Gene Linkage
Gene linkage describes the physical relationship of genes. Specifically, linkage means that the genes are on the same chromosome and therefore do not assort independently into gametes (in humans, ovum and spermatozoa) during meiosis.
Gene linkage is the phenomenon where genes located on the same chromosome in an eukaryote tend to be transmitted together. Because of this co-transmittance, the traits associated with the genes sometimes do not segregate between two daughter cells, following crosses between the parental cells, as predicted by Mendelian genetics
The genes of most organisms can exist in different forms, called alleles, in a population. If the organism has identical alleles of a gene on each of its homologous chromosomes, it is called homozygous. If the alleles are different it is called heterozygous. During the cell division process, a separation of nuclear material into gametes occurs via meiosis. If an organism is heterozygous, two kinds of gametes are produced; if homozygous, it produces only one kind of gamete. At fertilization the male and female gametes combine and the random process that creates different unites the gametes into various combination. The ratio of the appearance of the observed traits, or phenotypes, produced by the pattern of separation of the dominant and recessive genes for that trait was predicted by Gregor Mendel following painstaking work and observation of the crosses between pea plants.
However, early in the twentieth century, William Bateson and Reginald Crundall Punnett, two British geneticists, observed that sometimes the expected Mendelian ratio of phenotypes did not occur. Their best explanation was that in some manner the phenotypic classes, the alleles, were coupled, and so did not sort independently into gametes. Proof of their explanation was provided by Thomas Hunt Morgan, using Drosophila eye color as the examined trait.

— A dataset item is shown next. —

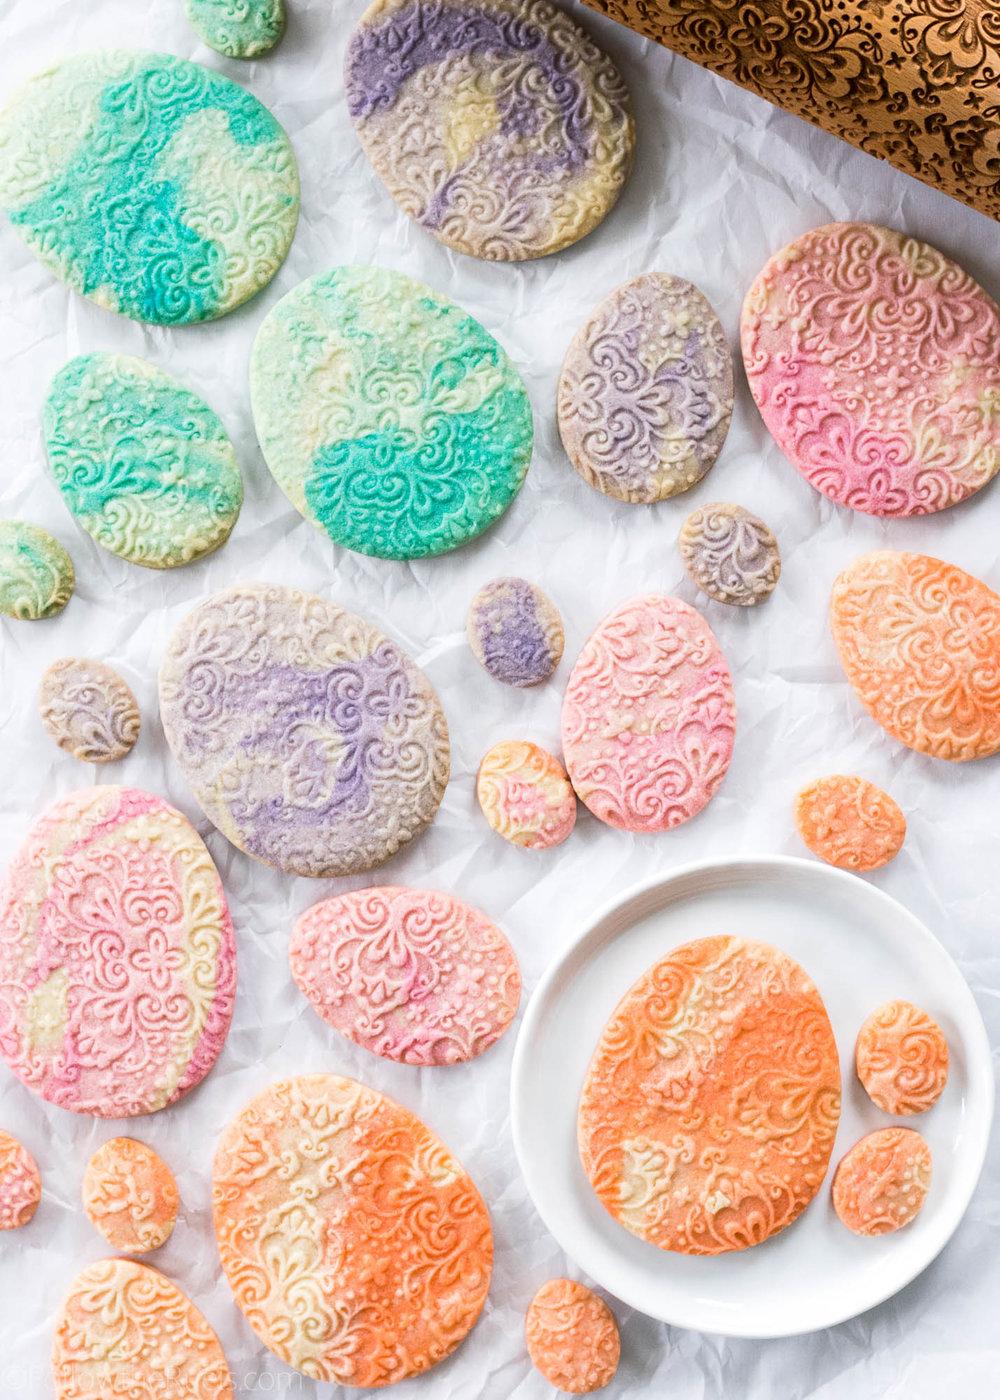 Embossed-Marble-Sugar-Cookies-10.jpg

Morgan observed that test crosses between mutants in eye color and wing development deviated from the expected Mendelian 1:1:1:1 ratio for independent assortment. The observed ratio was, rather, consistent with the non-independent segregation of two genes that were close to each other on the same chromosome.
Linked genes do not observe the genotypic or phenotypic relationships predicted by Mendelian crosses that assume independent assortment of chromosomes and genes. In a cross the parental generation is designated P1 and the first generation of offspring are designated F1(first filial generation), and the offspring resulting from the fertilization between individuals of the F1 generation are called the F2 (second filial generation). When the F1 and F2 ratios deviate form the predicted Mendelian rations this is evidence of gene linkage.
The linkage of genes is used to generate so-called linkage maps, which give a measure of the distance between genes on a chromosome. The linkage map technique, which is based on the use of the percentage of recombinants, in which crossing over of DNA and expression of traits due to gene linkage has occurred, was devised in 1911 by Alfred Henry Sturtevant, an undergraduate student of Morgan's. The technique remains in use today as a means of producing an index of the distance between two genes.